*** Dataset entries Section Begins ***

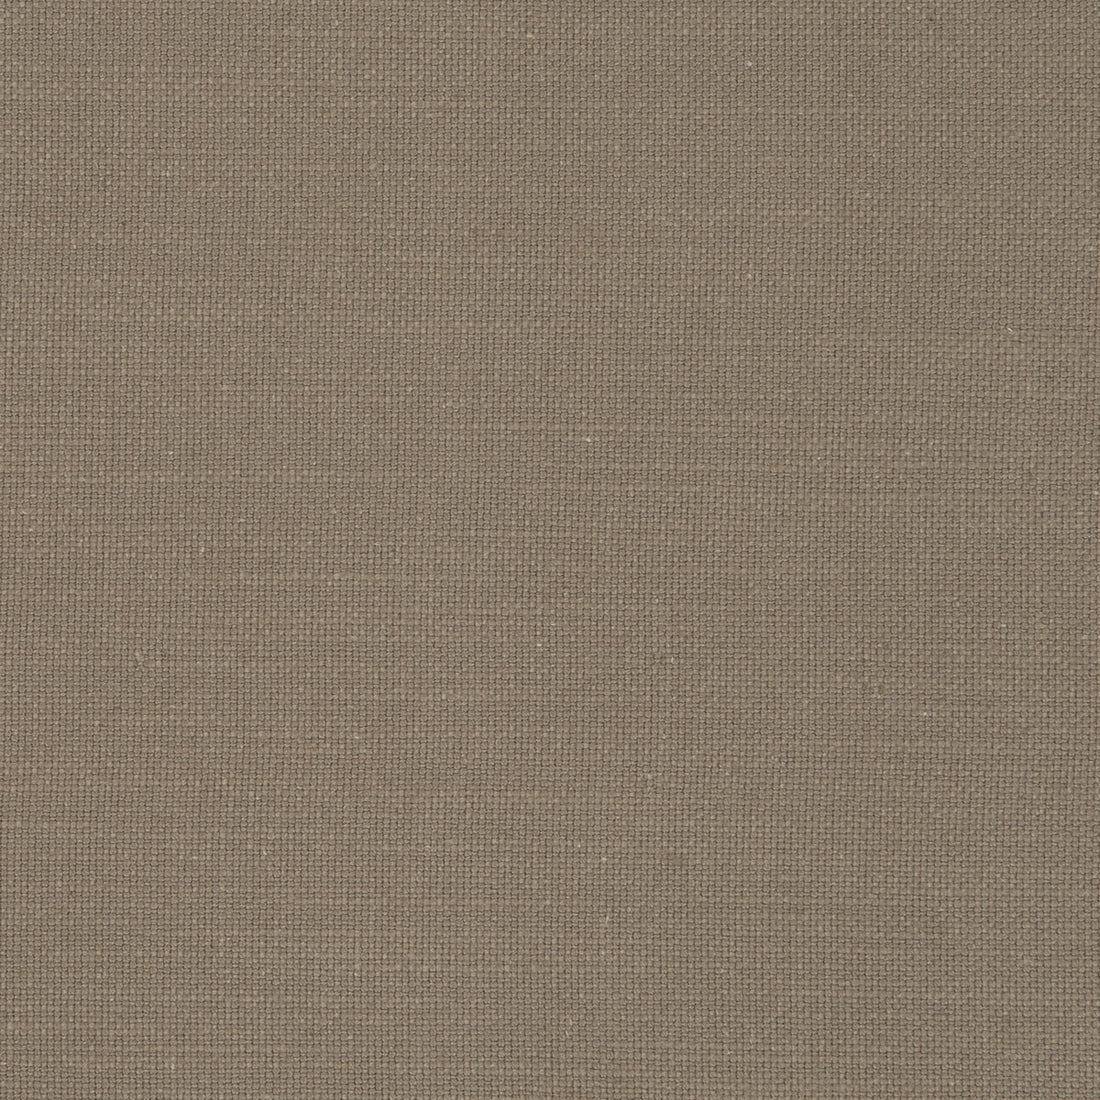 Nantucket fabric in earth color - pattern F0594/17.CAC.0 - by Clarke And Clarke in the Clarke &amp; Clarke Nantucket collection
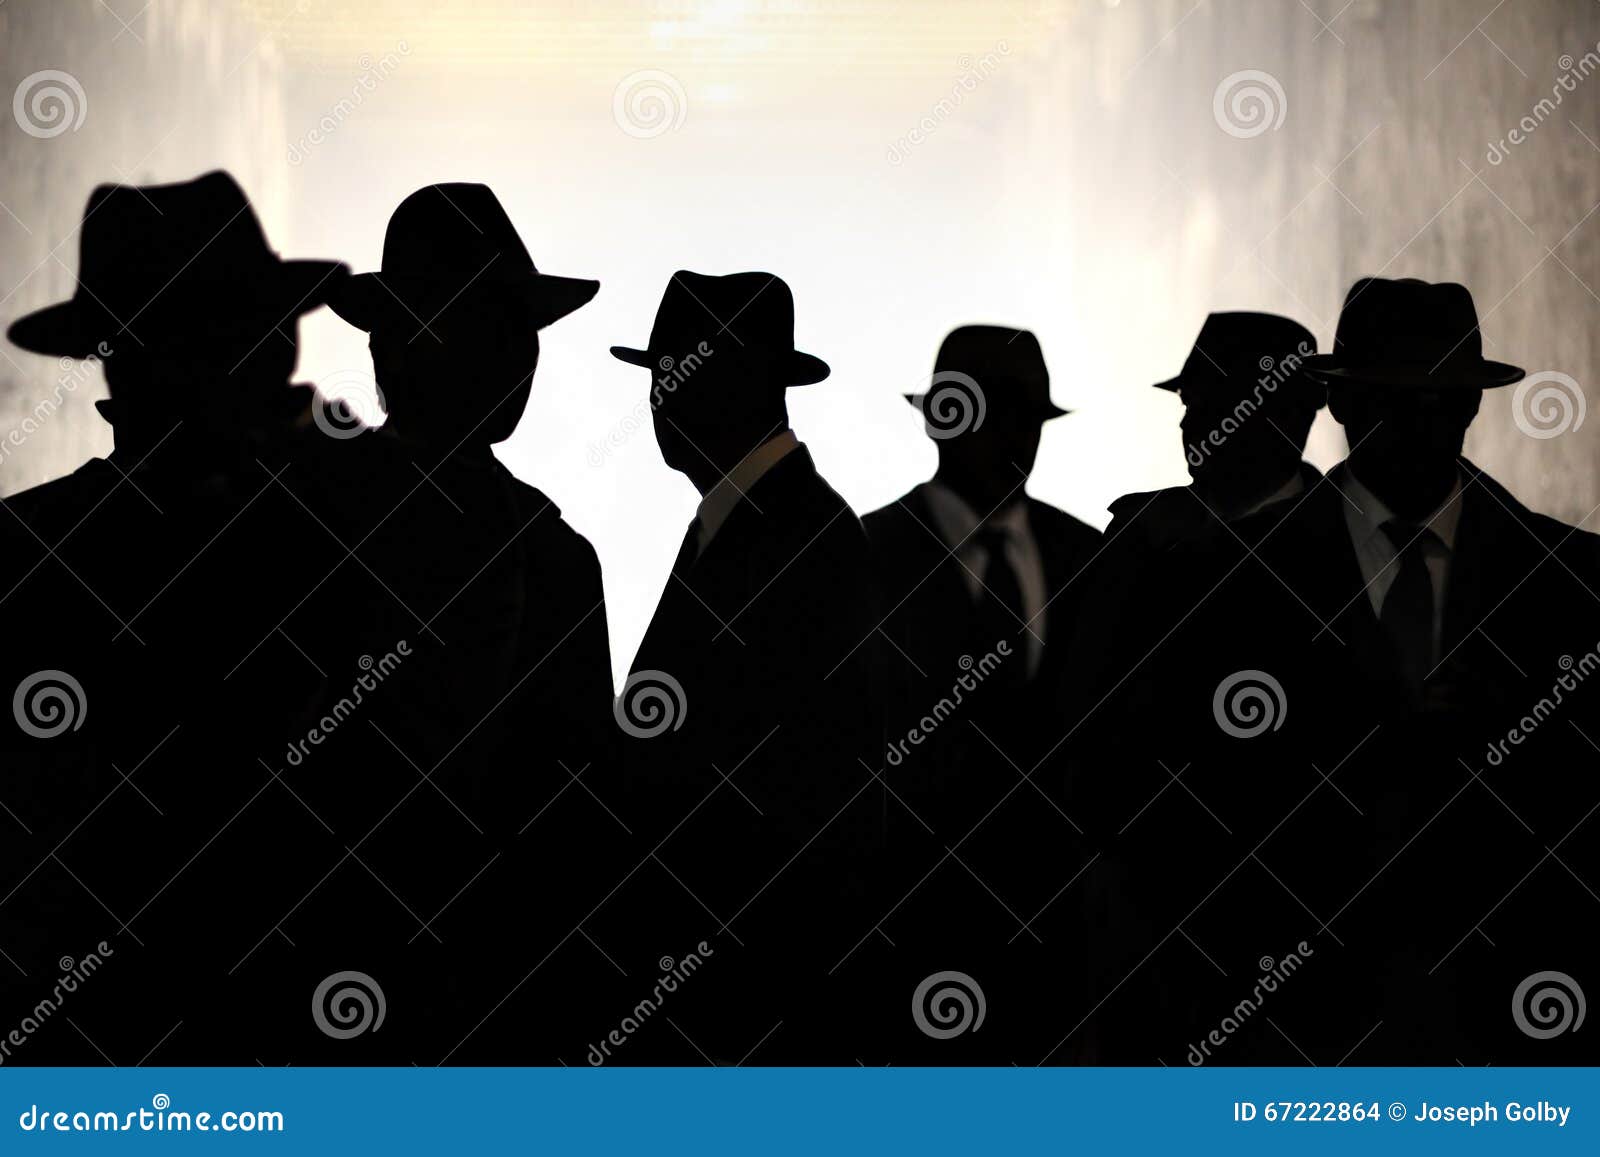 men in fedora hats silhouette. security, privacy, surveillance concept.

*** Dataset entries Section Ends ***
*** Dataset entries Section Begins ***

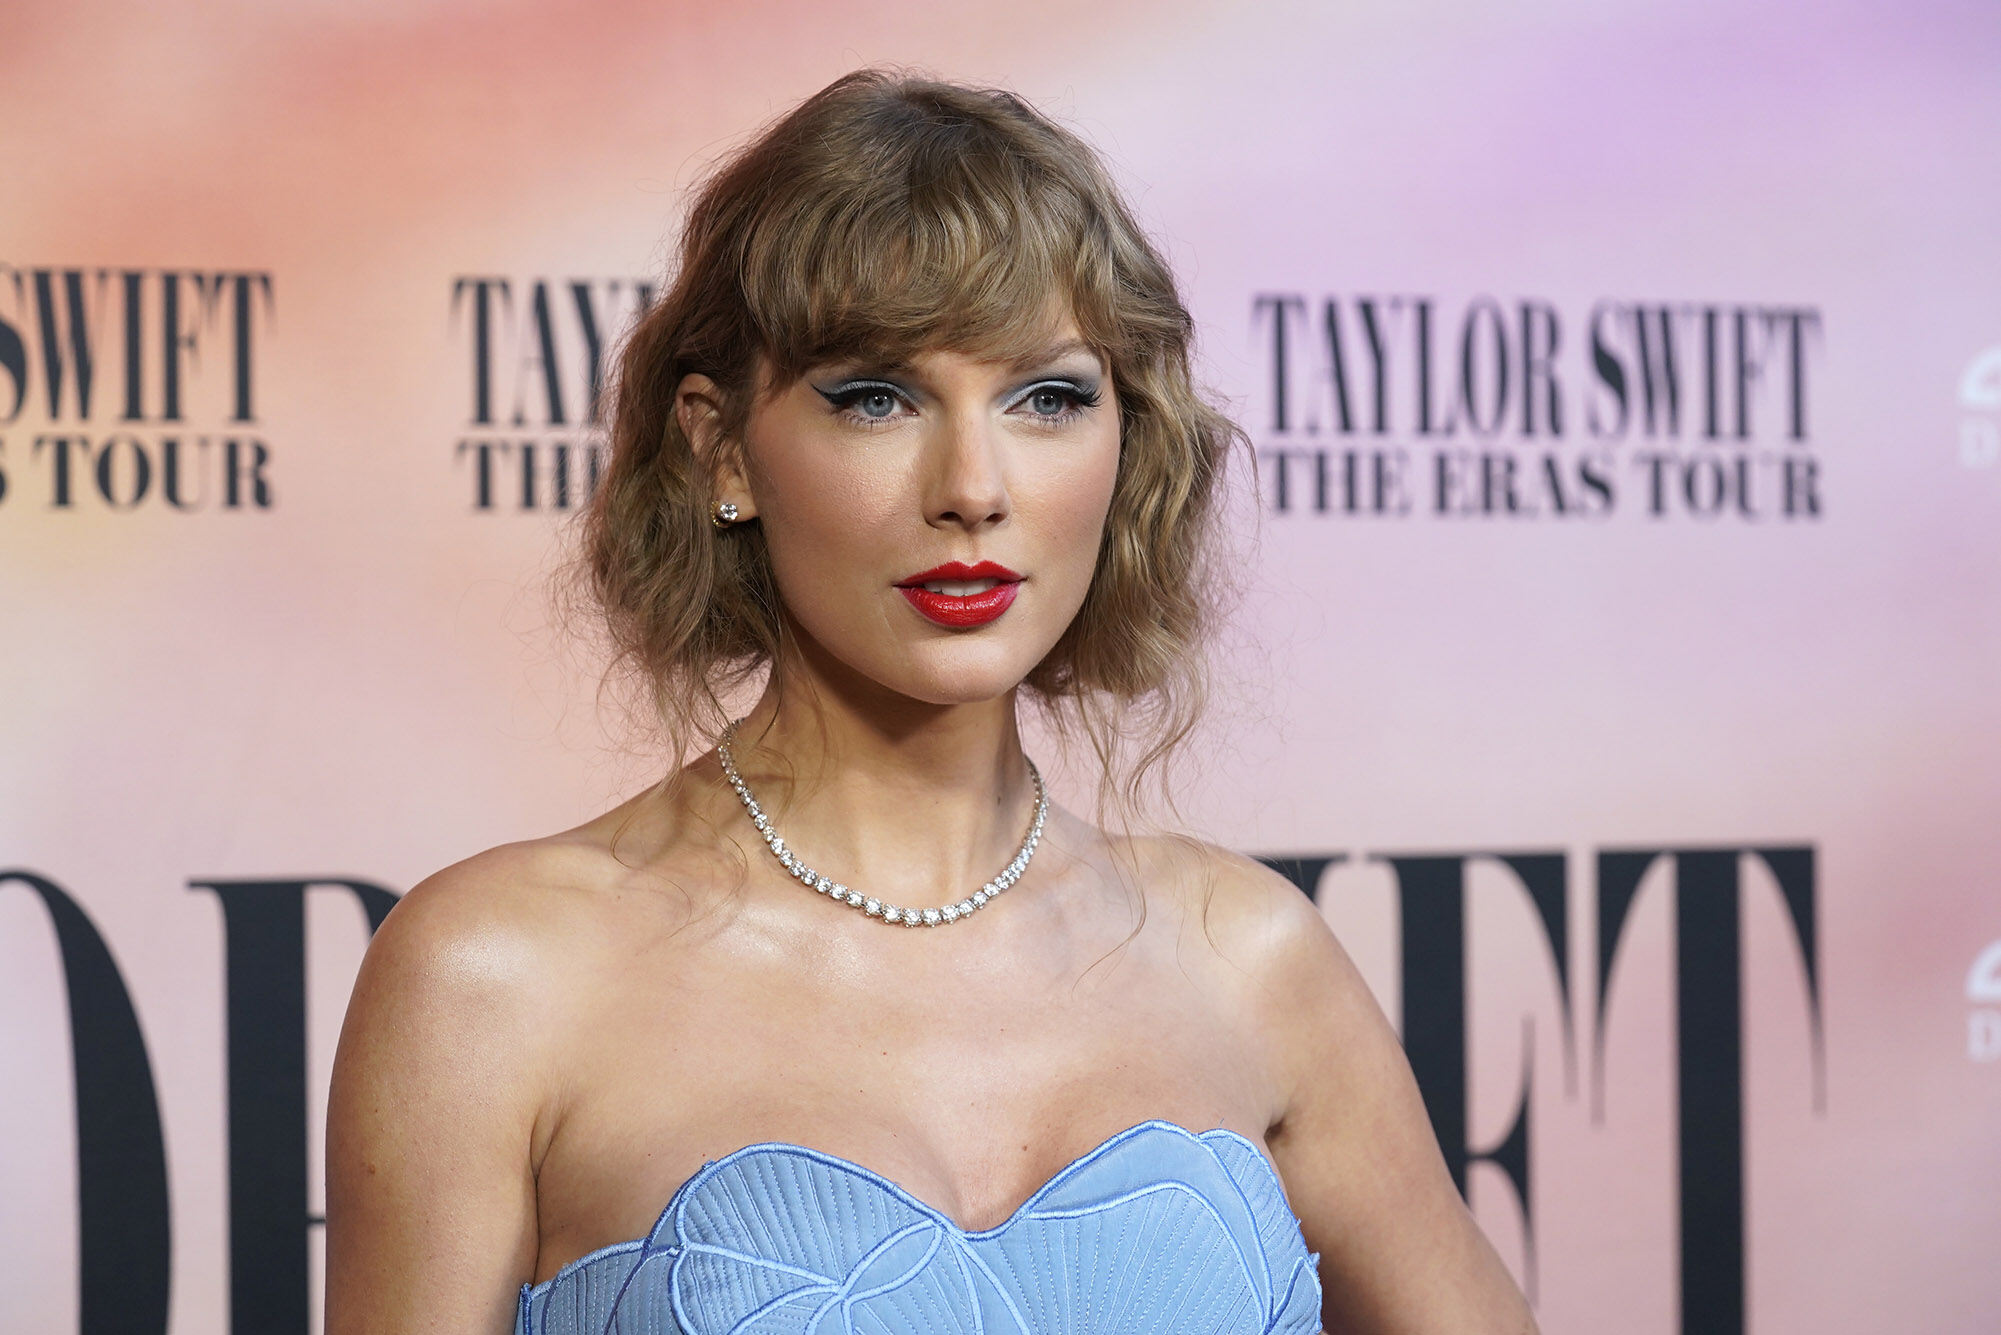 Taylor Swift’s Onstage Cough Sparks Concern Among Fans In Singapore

*** Dataset entries Section Ends ***

* **Brief**
Everything above from the line containing "Nantucket fabric in" down to the line containing "men in fedora" is to be duplicated exactly, both lines included, and the pictures are to be omitted.

* **Answer box**
 Nantucket fabric in earth color - pattern F0594/17.CAC.0 - by Clarke And Clarke in the Clarke &amp; Clarke Nantucket collection
 men in fedora hats silhouette. security, privacy, surveillance concept.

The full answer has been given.